Let v,w \in \mathbb{S}^2 such that \| v - w \| \leq d. We just saw that there exists y \in \mathbb{S}^2 such that \| u(y)-y \| = \|v-w \|. According to lemma 5, there exists g \in SO(3) such that g(v)=y and g(w)=u(y). Then gug^{-1} \in N because N is a normal subgroup and gug^{-1}(v)=w.

Therefore, we proved that the action N \curvearrowright \mathbb{S}^2 is transitive “for the small distances”. Now, if v,w \in \mathbb{S}^2 are any points, clearly there exists a sequence of points v=p_0,p_1,\dots,p_n=w \in \mathbb{S}^2 satisfying \| p_i - p_{i+1} \| \leq d for all 0 \leq i \leq n-1. In particular, for all 0 \leq i \leq n-1, there exists u_i \in N such that u_i(p_i)=p_{i+1}, and finally u_{n-1} \cdots u_0 is an element of N sending v to w. Thus, the action N \curvearrowright \mathbb{S}^2 is transitive.
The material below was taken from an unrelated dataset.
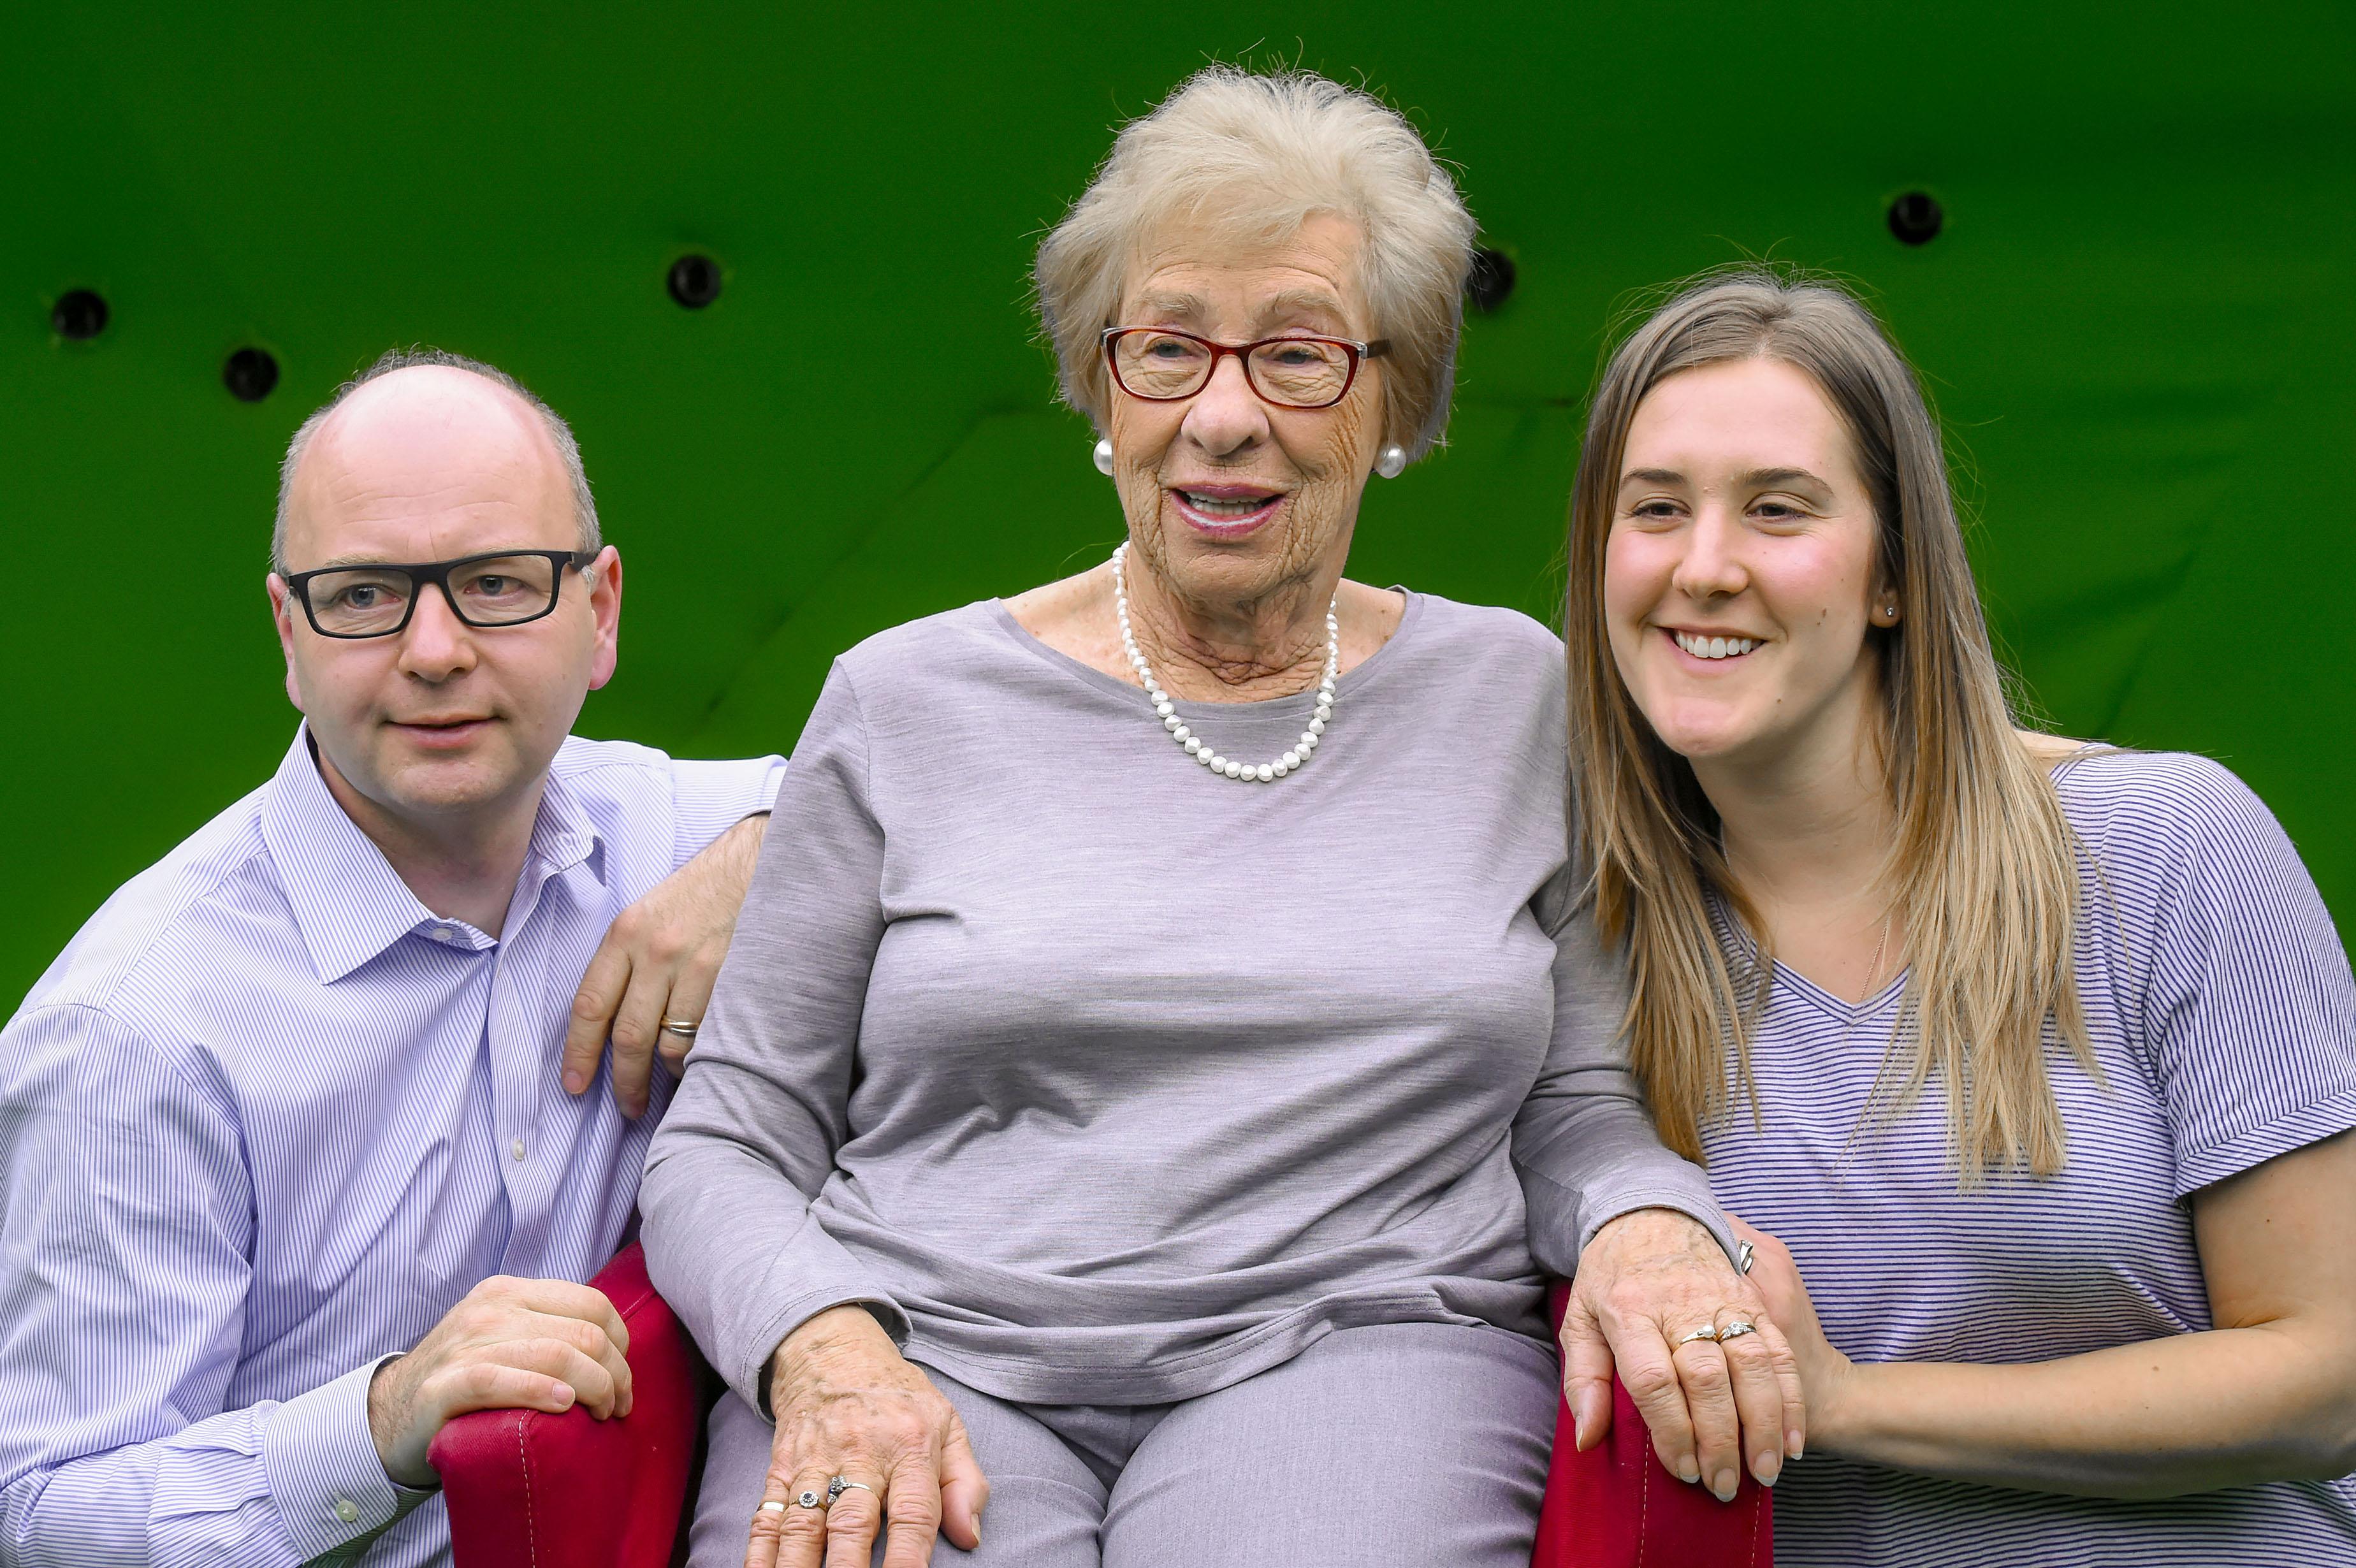 From left, Stephen Smith, Eva Schloss and Eva's granddaughter Lisa Heiler

In particular, there exist x \in \mathbb{S}^2 and u \in N such that u(x)=-x; such an element of SO(3), with -1 as an eigenvalue, is called a codimension-two reflection. Clearly, using lemmas 1 and 2, two codimension-two reflections are always conjugated. Therefore, since N is a normal subgroup, any codimension-two reflection belongs to N.  We deduce, according to lemma 3 and using the notations of the figure below, that the rotation of angle \theta around R belongs to N.

Sphere2

 

Clearly, when P runs over the equator, \theta runs over [0, \pi). Therefore, N contains rotations of any angle. Because two rotations of the same angle are conjugated and N is a normal subgroup, we deduce that any rotation belongs to N, that is N= SO(3). \square

Nota Bene: The conclusion of our proof, based on lemma 3, may be replaced with an algebraic argument, stating that the codimension-two reflections generate SO(3). Therefore, in order to show that a normal subgroup is SO(3), it is sufficient to find only one codimension-two reflection belonging to it.
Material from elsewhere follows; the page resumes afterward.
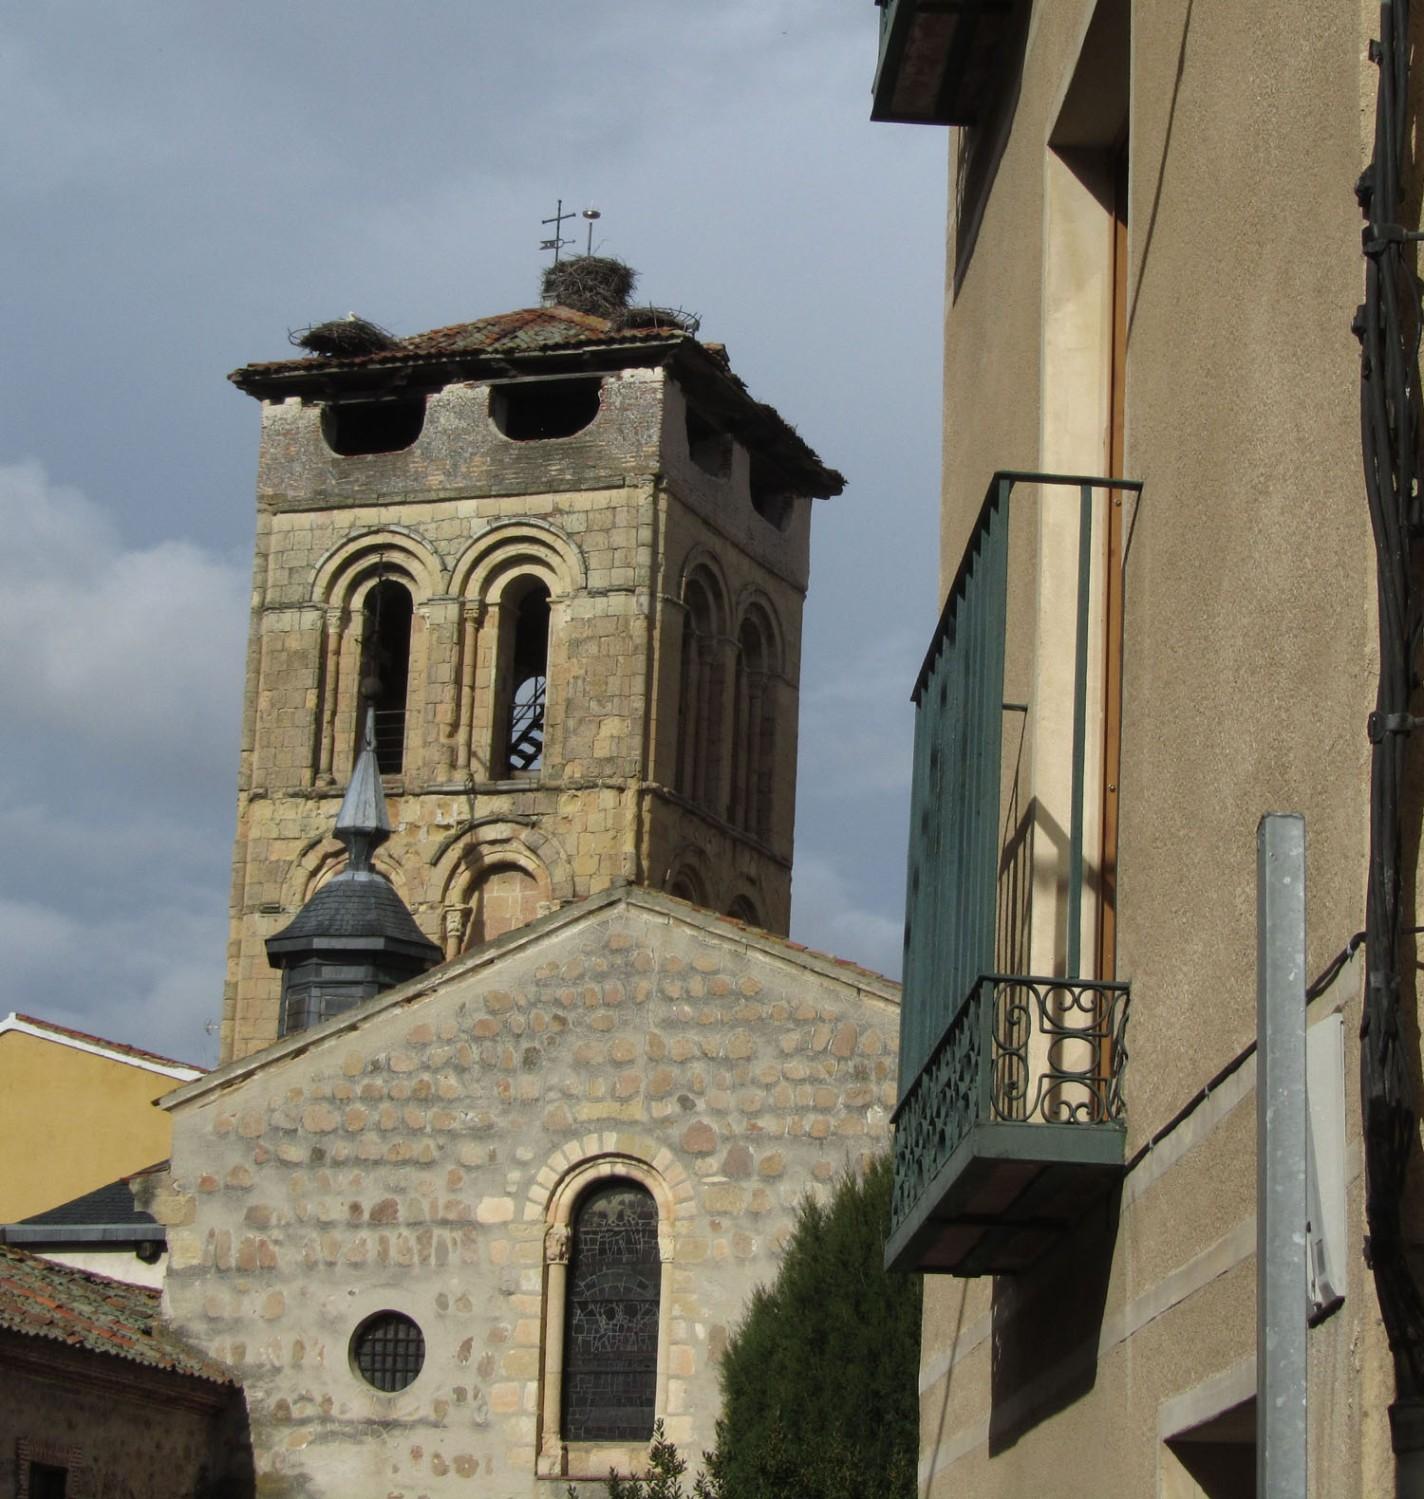 Spain-Segovia-Storks

Another classical proof is to find a codimension-two reflection in a nontrivial normal subgroup H by introducing the map

\varphi : \left\{ \begin{array}{ccc} SO(3) & \to & \mathbb{R} \\ g & \mapsto & \mathrm{tr}(ghg^{-1}h^{-1}) \end{array} \right.

for some fixed h \in H \backslash \{ \mathrm{Id} \}. By connectedness, \mathrm{Im}(\varphi)= [a,3] for some a \leq 3, because for all g \in SO(3) there exists \theta \in [0,2\pi] such that \mathrm{tr}(g)=1+2\cos(\theta) (lemma 1).  If a=3, then [g,h]= \mathrm{Id} for all g \in SO(3), that is h is in the center of SO(3), which is trivial. Therfore, a<3 and there exist n \geq 1 and g_n \in SO(3) such that

a \leq \varphi(g_n) = 1+2 \cos \left( \frac{\pi}{n} \right) < 3.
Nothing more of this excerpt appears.